China’s biggest e-commerce company was founded by this man, once China’s richest person – Jack Ma.
Ma made a speech back in October 2020 blasting the country’s regulatory system.
Those stinging comments are widely viewed as the trigger for what came next. Beijing abruptly suspended the record $37 billion stock market debut of Alibaba’s financial affiliate Ant Group.
Later, Chinese regulators fined the company $2.75 billion for abusing its market dominance. Alibaba’s U.S.-listed shares have shed more than $400 billion in value since Ma made that speech.
Next up is China’s largest gaming and social media company Tencent. It was fined for failing to report past deals to anti-trust regulators.
Tencent has also been affected by China’s latest efforts to combat gaming addiction among minors.
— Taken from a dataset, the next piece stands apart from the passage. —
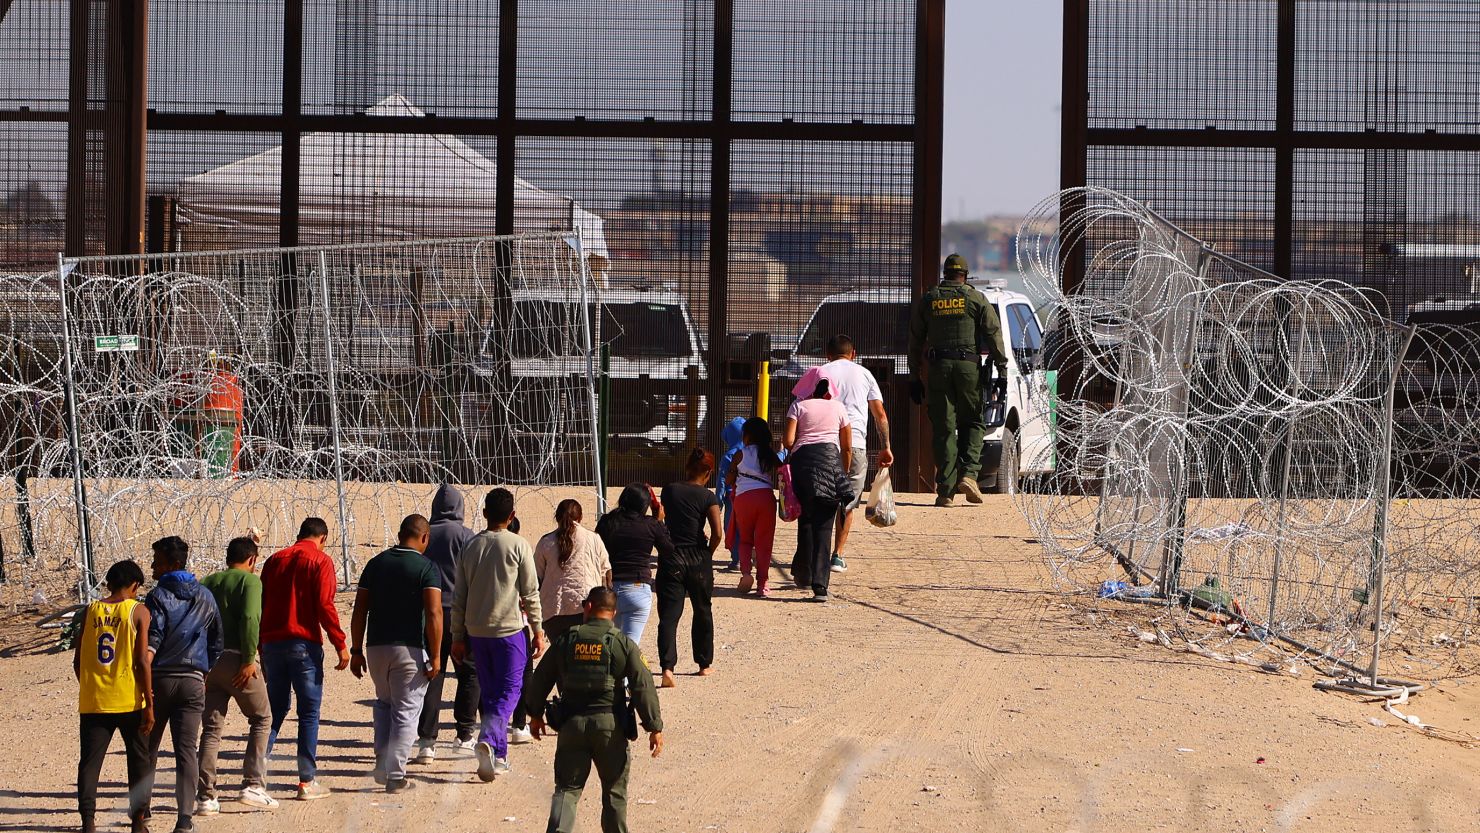 US Border Patrol agents escort migrants, who crossed the border between the United States and Mexico, through a gate in the border wall to be processed for their immigration claims, as seen from Ciudad Juarez, Mexico, in October.
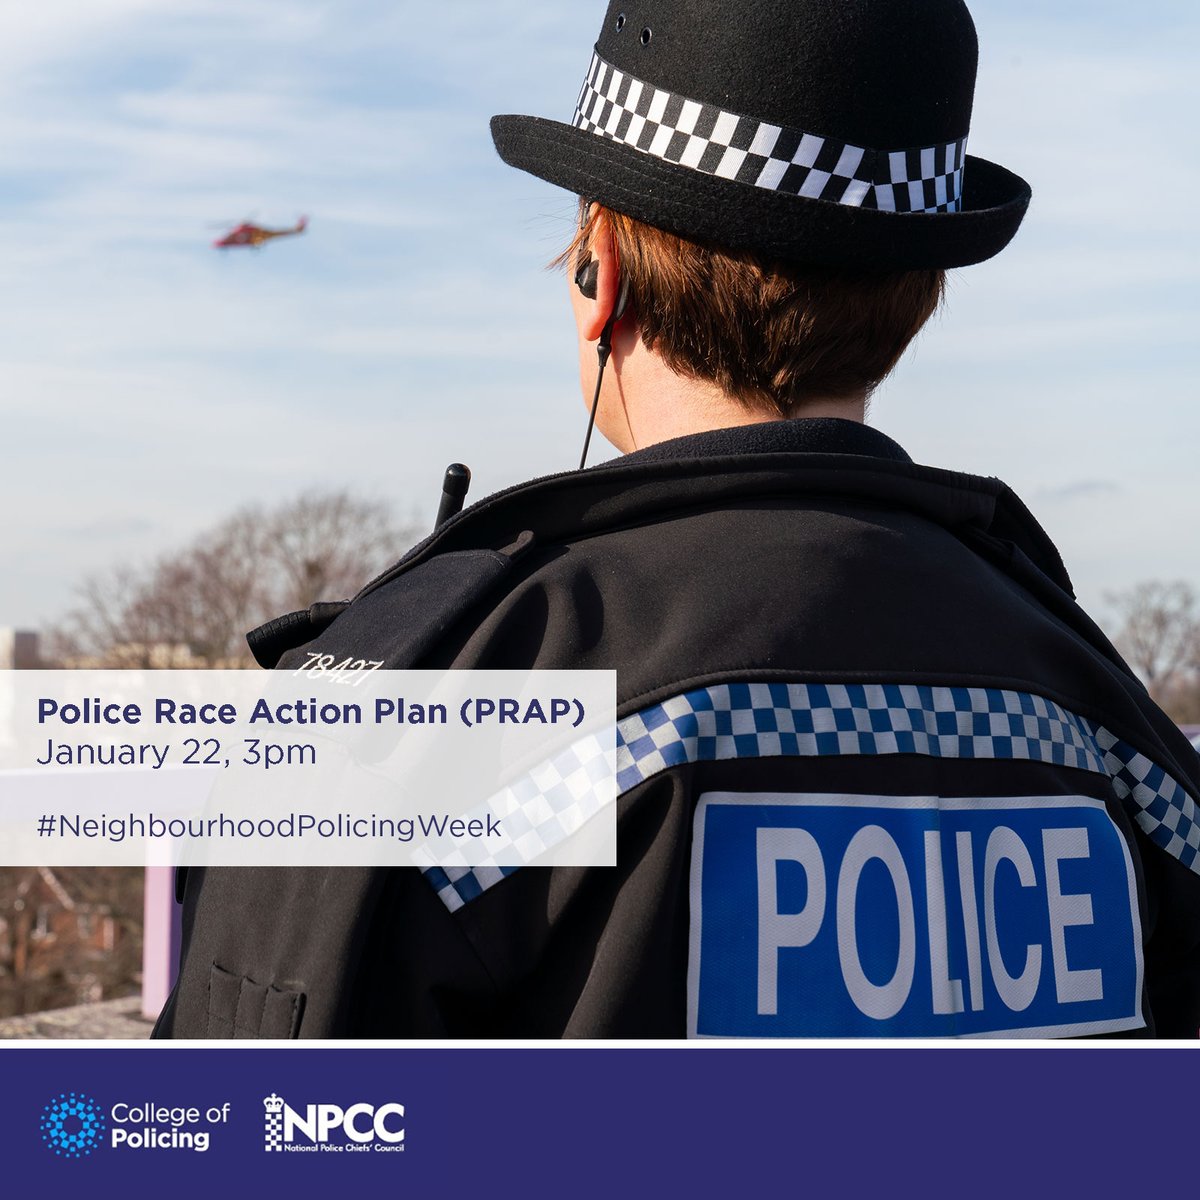 Connect with Detective Superintendent Ron Lock to learn more about the Police Race Action Plan (PRAP) on 22 January at 3pm. Grab your spot for this crucial event ⬇ events.teams.microsoft.com/event/ae95aac6…

In August under-18-year-olds were banned from playing video games for more than three hours a week. The company has lost nearly $350 billion in market value since February.
The food delivery company – Meituan – became another target of an antitrust probe in April, after its founder and Chief Executive Wang Xing posted an ancient poem on social media.
Some perceived it as criticizing the government and President Xi Jinping. Meituan has lost more than $150 billion in value since February.
The company has also been accused of violating consumer rights and mistreating delivery drivers.
China’s largest provider of private educational services has seen its value tumble following a policy shift in Beijing.
In July, the Communist Party issued new rules barring for-profit tutoring on the school curriculum.
Since then, the market value of New Oriental Education and Technology Group’s U.S. listed shares has fallen by $7.4 billion.
Beijing wants to ease pressure on school children and reduce a cost burden on parents.
But analysts warn that the new rules threaten to decimate the country’s private education sector.
So what’s the motive behind Beijing’s regulatory crackdown?
President Xi Jinping has called for China to achieve “common prosperity.”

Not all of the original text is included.